I recently tried making a webpage to chat with GPT 3 API and it worked fine. In this chat, Human writes a question and then API responds. Now, I wanted to include the context of previous chats for further conversation and wanted to know suitable method for making API calls to achieve it. One way I found was to keep adding the newer chats to the prompt, as the new responses come, but prompt becomes lengthy as the number the number of chats increases.
The token limitation is a technical limitation. We only support 2049 tokens in the prompt and completion combined; if your prompt is 2000 tokens, your completion can be 49 tokens at most.
One creative solution, besides prompt chaining, may be to use the Answers endpoint , which allows you to upload a JSONL File with documents that you want to query. You could upload chats as documents to a file to be queried, and then query those documents.
Edit: There’s another thread on this that you may be interested in. Another option is to create summaries of past conversations, which are naturally shorter and can let you fit more context into the prompt.

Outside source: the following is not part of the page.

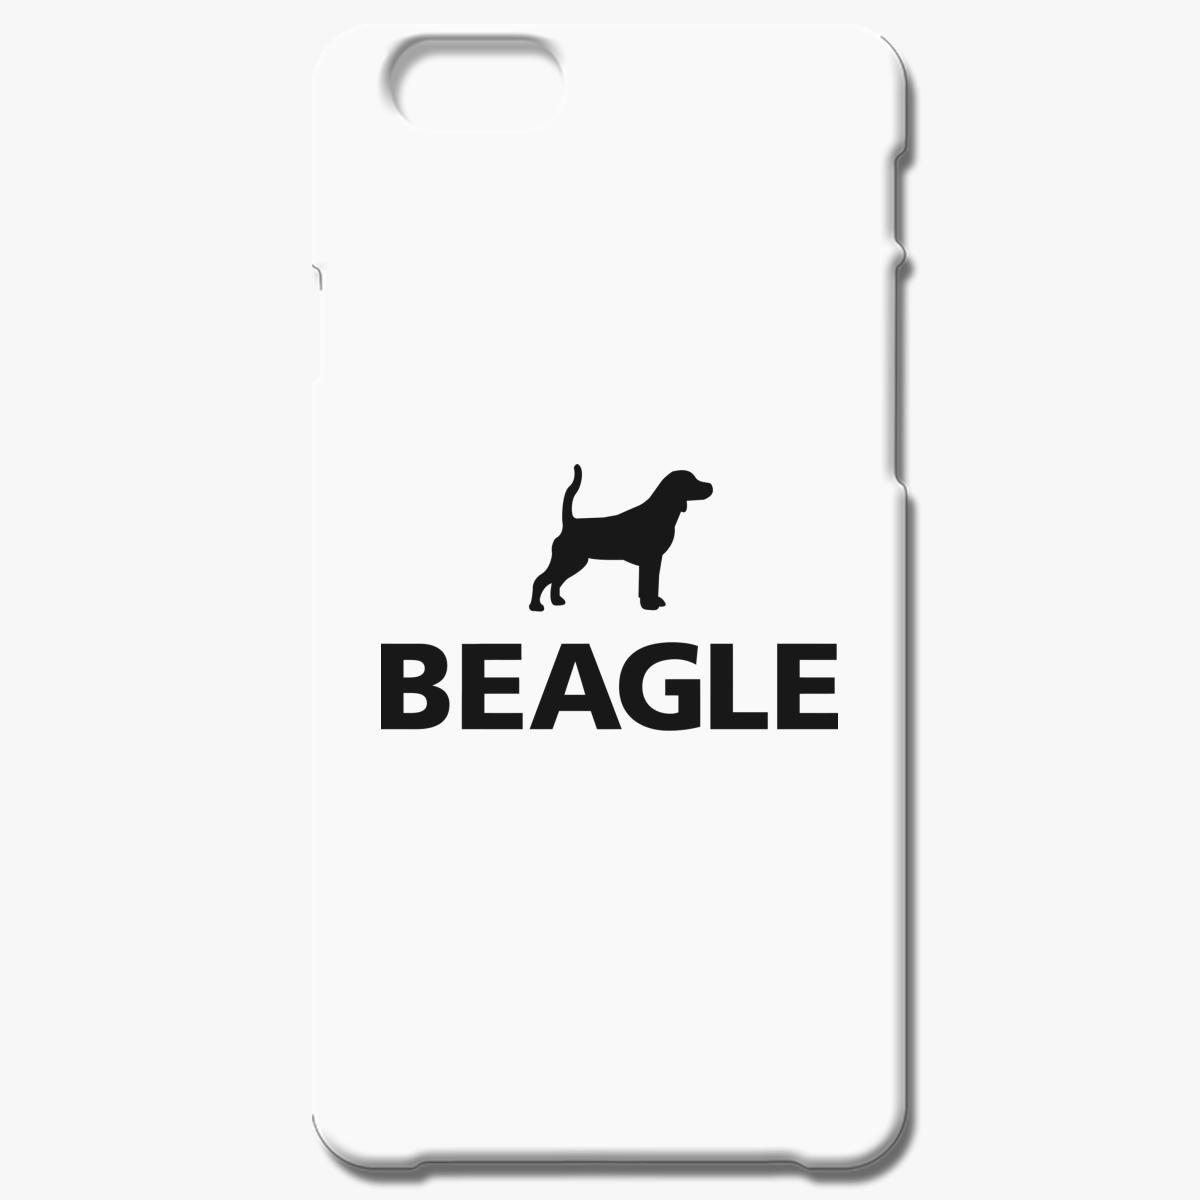 The Regal Beagle Iphone 6 6s Plus Case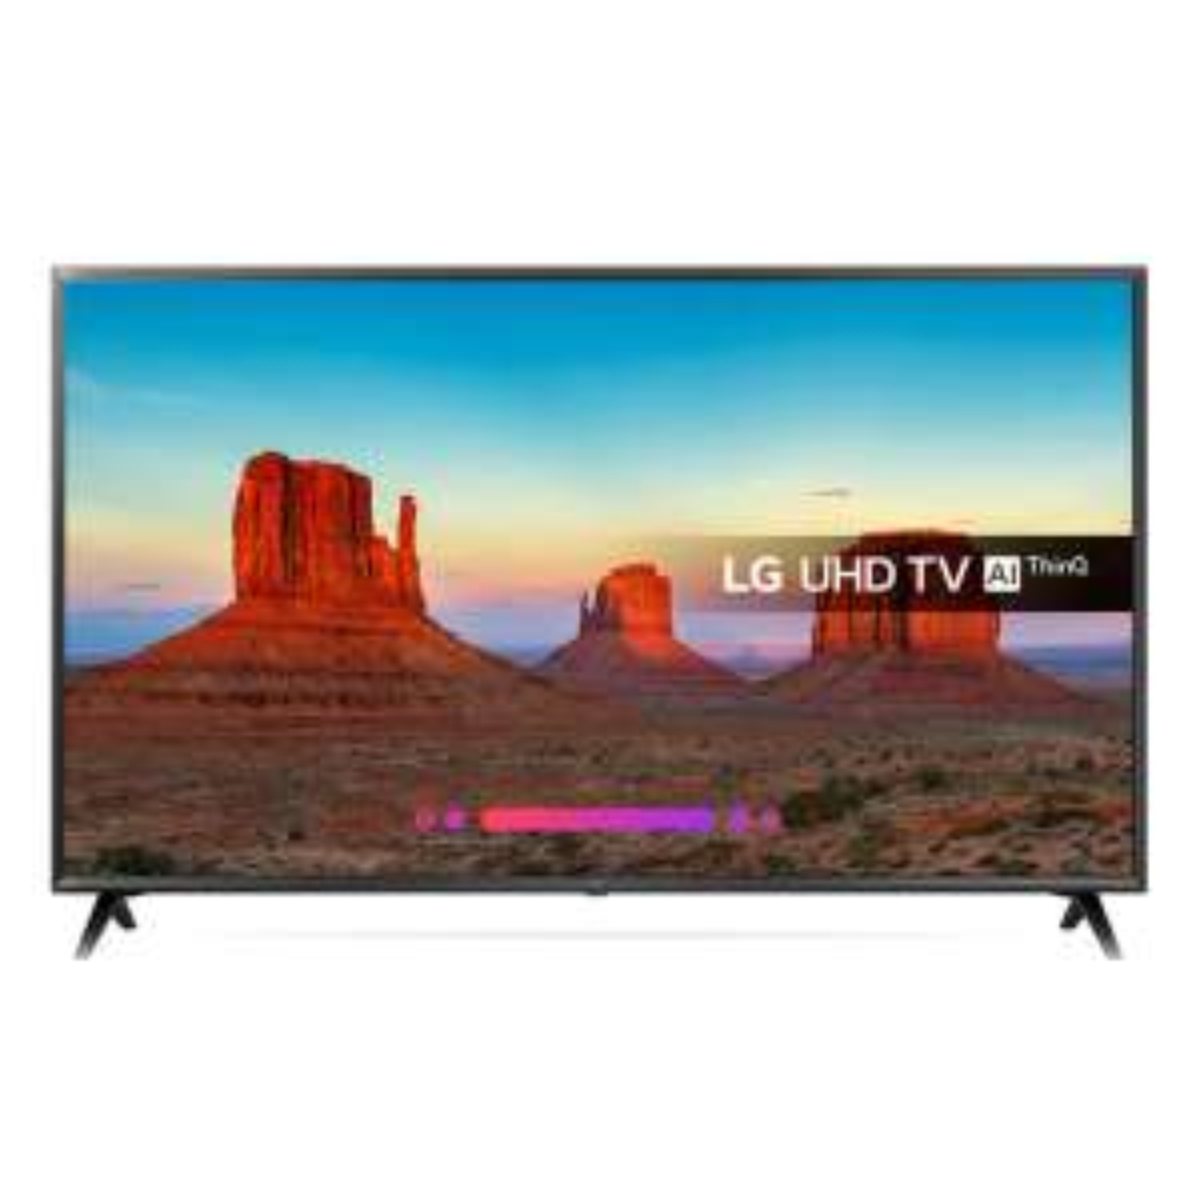 LG 65UK6300PLB 65 Inch Ultra HD, 4K HDR, Freeview Play, Smart, LED TV - Black - £479 @ PRC Direct

As you have more and more history to go through, the amount of data you have will continue to grow. I have achieved some success here by having a separate “synopsis” function that takes, as input, the synopsis of the current chat logs (to know what the current conversation is about) and from that it generates keywords to search for old chat logs that are relevant. It then uses the same “synopsis” method to summarize those old chat logs, effectively compressing an arbitrary amount of past data to a few lines of text.
Put another way:
Current chat log input and summarized
Keywords extracted from current chat summary
Old chat logs pulled from DB/SOLR via keywords
Old chat logs also summarized, based on relevance to current chat log
You do lose some data of course, but we have relatively narrow constraints.
@daveshapautomator - I think that is a powerful approach with great potential.
However, how are you measuring and ensuring high quality of the summary and search terms; and is there any reason to think that this abstraction is better than just indexing everything?
To elaborate though, I think you would probably rather use the Search endpoint to retrieve the most relevant previous exchanges and include these as additional context in the prompt. E.g. think of it as a chat log with only some of the exchanges shown. You may want to order or ‘timestamps’ the shown exchanges.
For initial prototyping, you will probably want to try out that approach and using the arguments keyword, rather than summarizing or the jsonl. I think those should be explored after you see success with the simpler cases.
Note also that you do not need to fit everything into a single prompt - you can answer questions related to the prompt (e.g. the last message mentions Dave - who is Dave?) and then include those in the final generation; or generate with different contexts and picking the best response. Plenty of opportunities for creative solutions
Recall and precision are huge topics in information science so I have a long ways to go in order to make sure this is high performance. At this very moment I am implementing several improvements to my historical recall scheme! I am basing some of the improvements on what I know about human memory, for instance human memory favors recency. I could easily pull millions of memories from SOLR in an instant but that amount of text would be too much for GPT-3 so I am favoring matches based on the most recent.
As I learn more about SOLR I expect I’ll get better about pulling exact results - but this is essentially a search problem.
@daveshapautomator - Thanks, makes sense. In the context of generation where the generated document/chat etc becomes too long, there would not be a need to use SOLR to deal with that particular generation’s context though? SOLR might be more useful as a general fact database eg?
Yes, that is correct. SOLR is a private search engine meant for holding many documents. Consider the possibility of an AGI agent that will stay active for many years. It will end up with millions or billions of memories. That is my use case
How to learn, associate, forget, abstract - exciting but challenging stuff. I wonder how to keep all the ideas there pragmatic.
I also wonder if at that size, having ‘memories’ that are personal are actually beneficial? Admittedly, with a million exchanges, it should be financially viable even to use the OpenAI files. Like you say, you probably want to start abstracting the memories. As summaries or other ways to build out to knowledge over time. The result of that should hopefully not be a gigantic set? So maybe the billions-scale memory would only be relevant for the public information. So is there a benefit in storing the memories in that database?
I am already extracting insights from interactions such as emotional inference, identifying cases of lack of understanding, and so on. Part of the benefit of low-cost high-speed storage of SOLR is that you can store every insight rather than generate it again and again. This is the same for humans - you might not remember exactly what was said word-for-word, but you remember the summary of a conversation as well as the context (emotions, what else was going on, who participated, etc).
Hi Dave, are you loosely mention SOLR here as a placeholder for large scale open-source text optimized searchable datastore or you have also done research picking SOLR specifically as suppose to alternatives like elasticsearch in which both built on top of Lucene which provides the search capabilities?
I personally use SOLR as it was recommended to me by another researcher. However, plenty of people use other tools such as those that you mention. I’ve also done experiments using just SQLITE. Pretty much any indexed/searchable data source is a viable option!